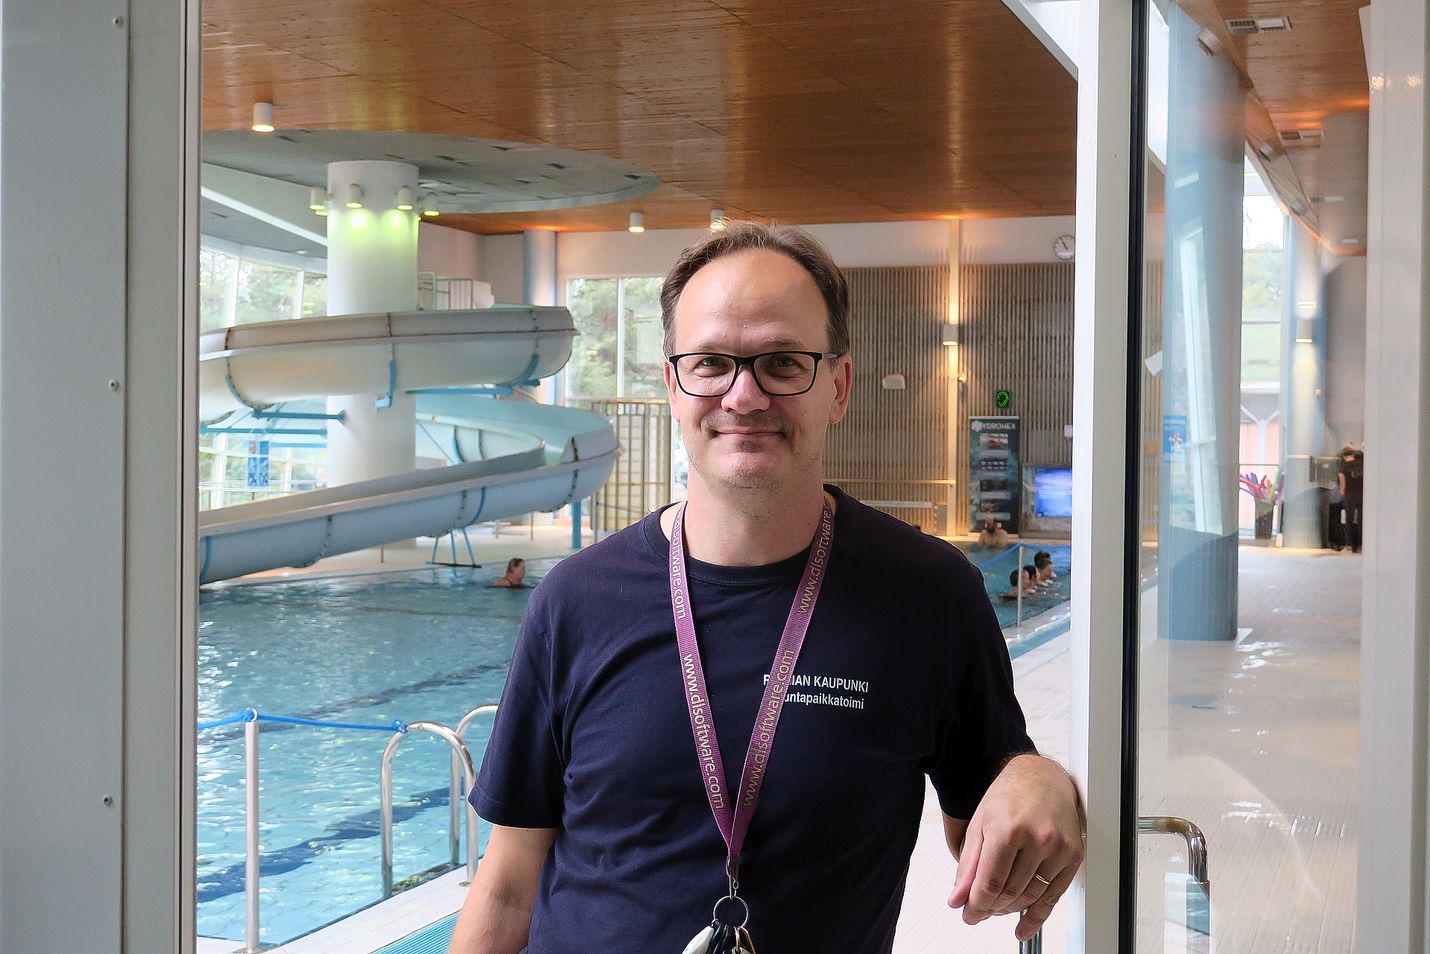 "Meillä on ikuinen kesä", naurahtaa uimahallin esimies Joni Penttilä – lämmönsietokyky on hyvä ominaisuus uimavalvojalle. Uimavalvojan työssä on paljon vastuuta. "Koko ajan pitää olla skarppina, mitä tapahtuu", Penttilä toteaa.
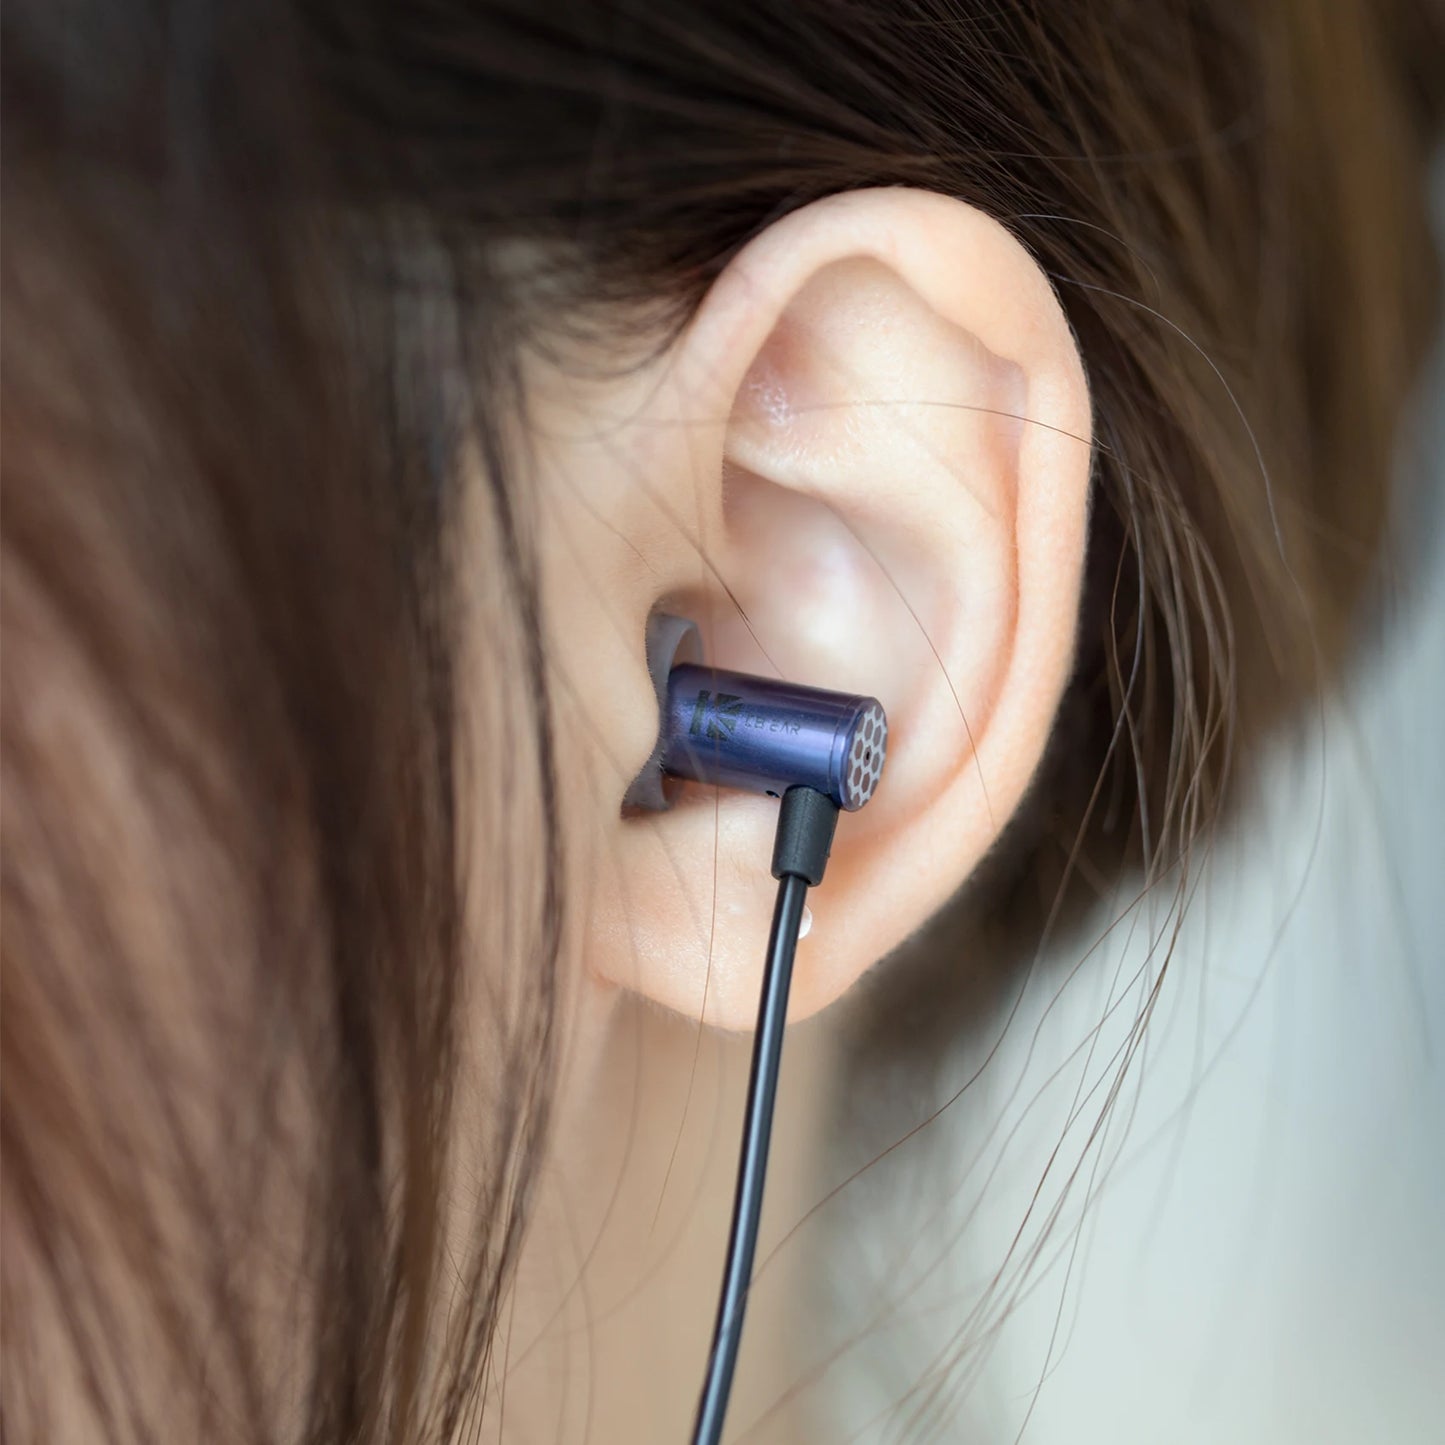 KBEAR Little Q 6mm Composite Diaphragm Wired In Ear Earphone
* * *
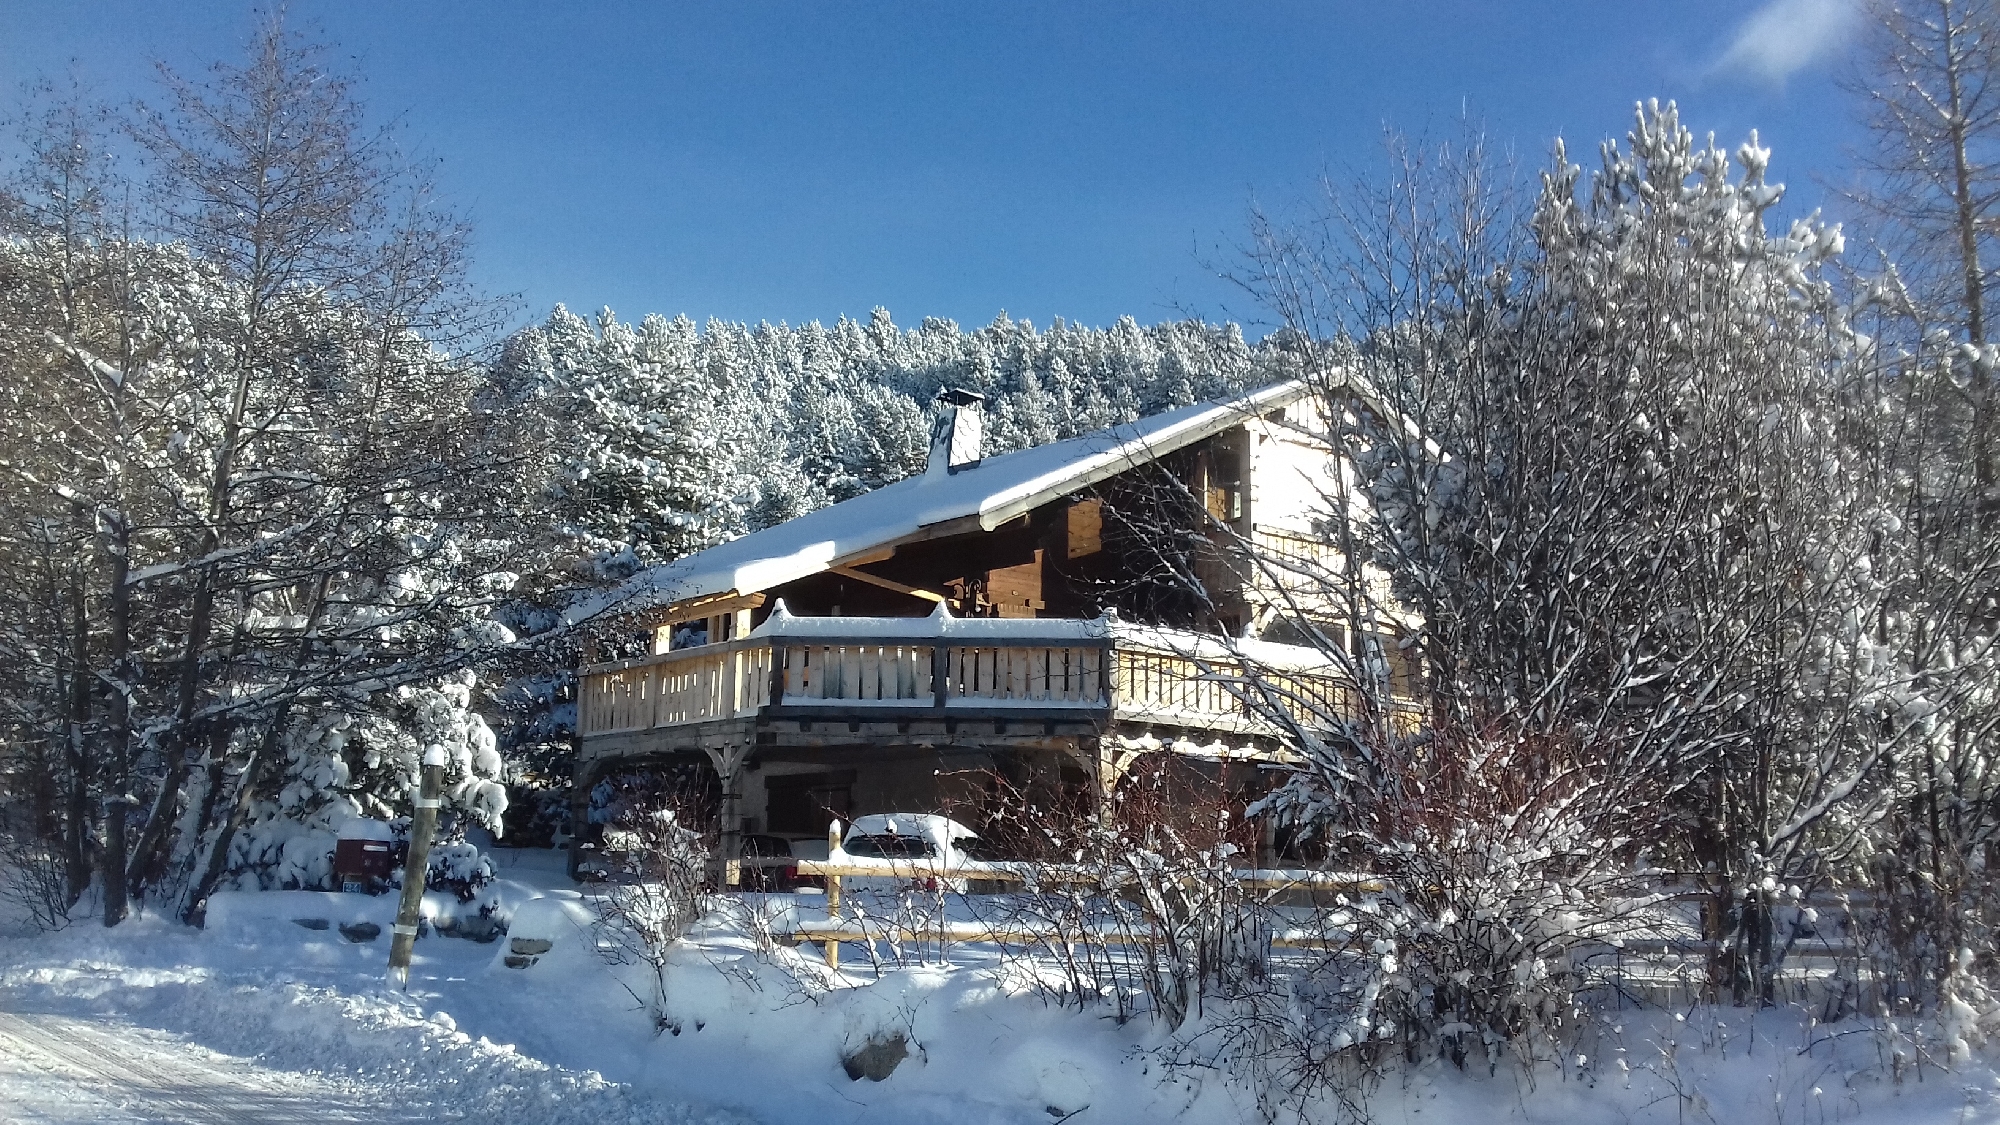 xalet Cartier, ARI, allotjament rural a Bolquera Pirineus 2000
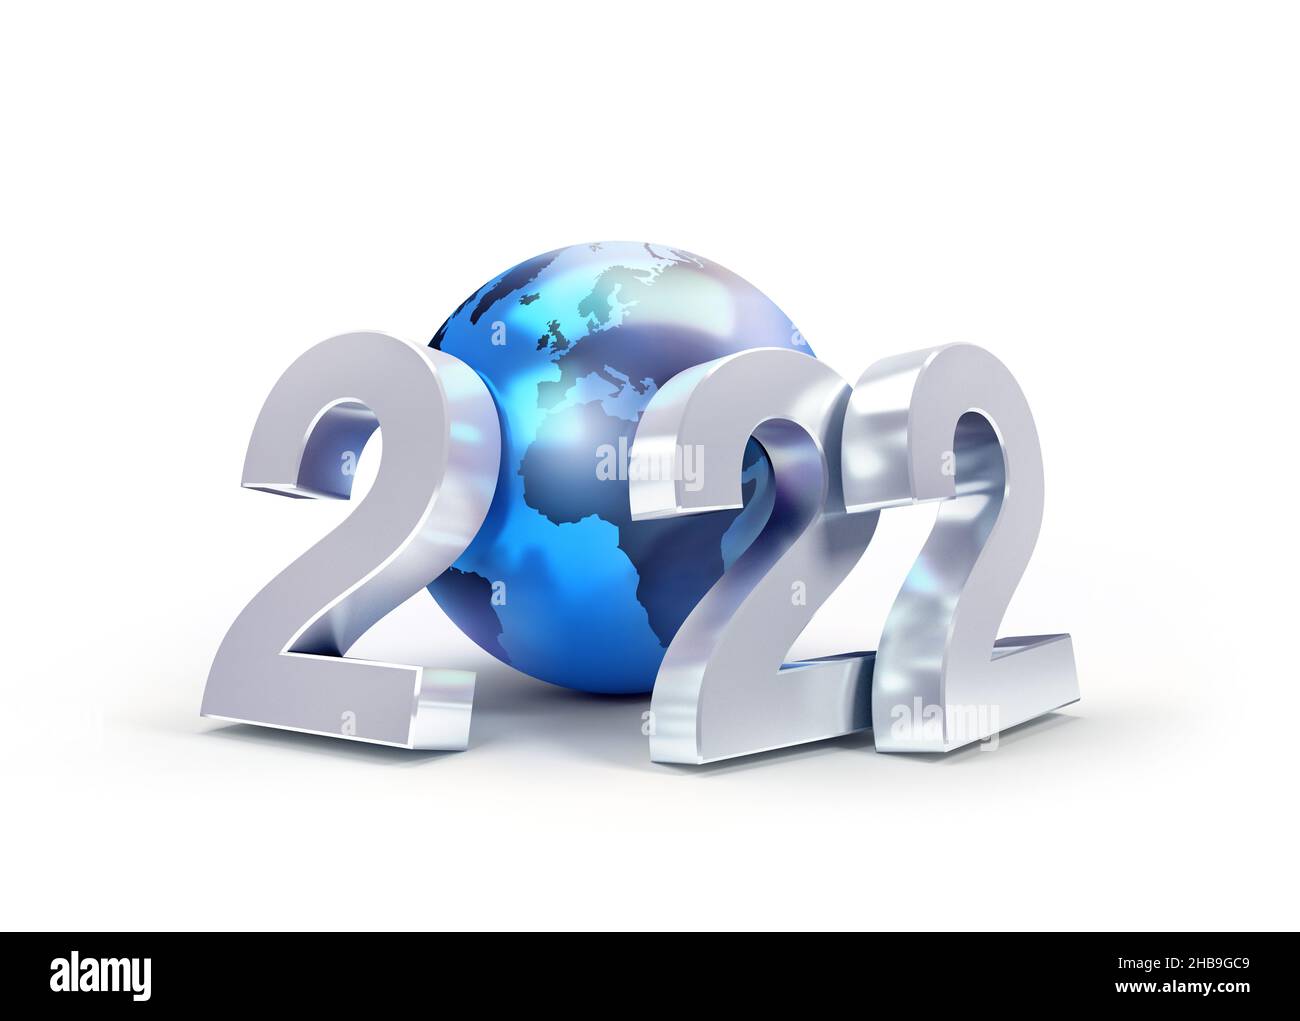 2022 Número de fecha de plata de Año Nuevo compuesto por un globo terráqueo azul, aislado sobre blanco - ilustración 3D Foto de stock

Work to complete:
What is wanted is an exact copy of the lines above from the one containing "naurahtaa uimahallin esimies" through the one containing "KBEAR Little Q", with no pictures in it.

Answer for this exercise:
 "Meillä on ikuinen kesä", naurahtaa uimahallin esimies Joni Penttilä – lämmönsietokyky on hyvä ominaisuus uimavalvojalle. Uimavalvojan työssä on paljon vastuuta. "Koko ajan pitää olla skarppina, mitä tapahtuu", Penttilä toteaa.
 KBEAR Little Q 6mm Composite Diaphragm Wired In Ear Earphone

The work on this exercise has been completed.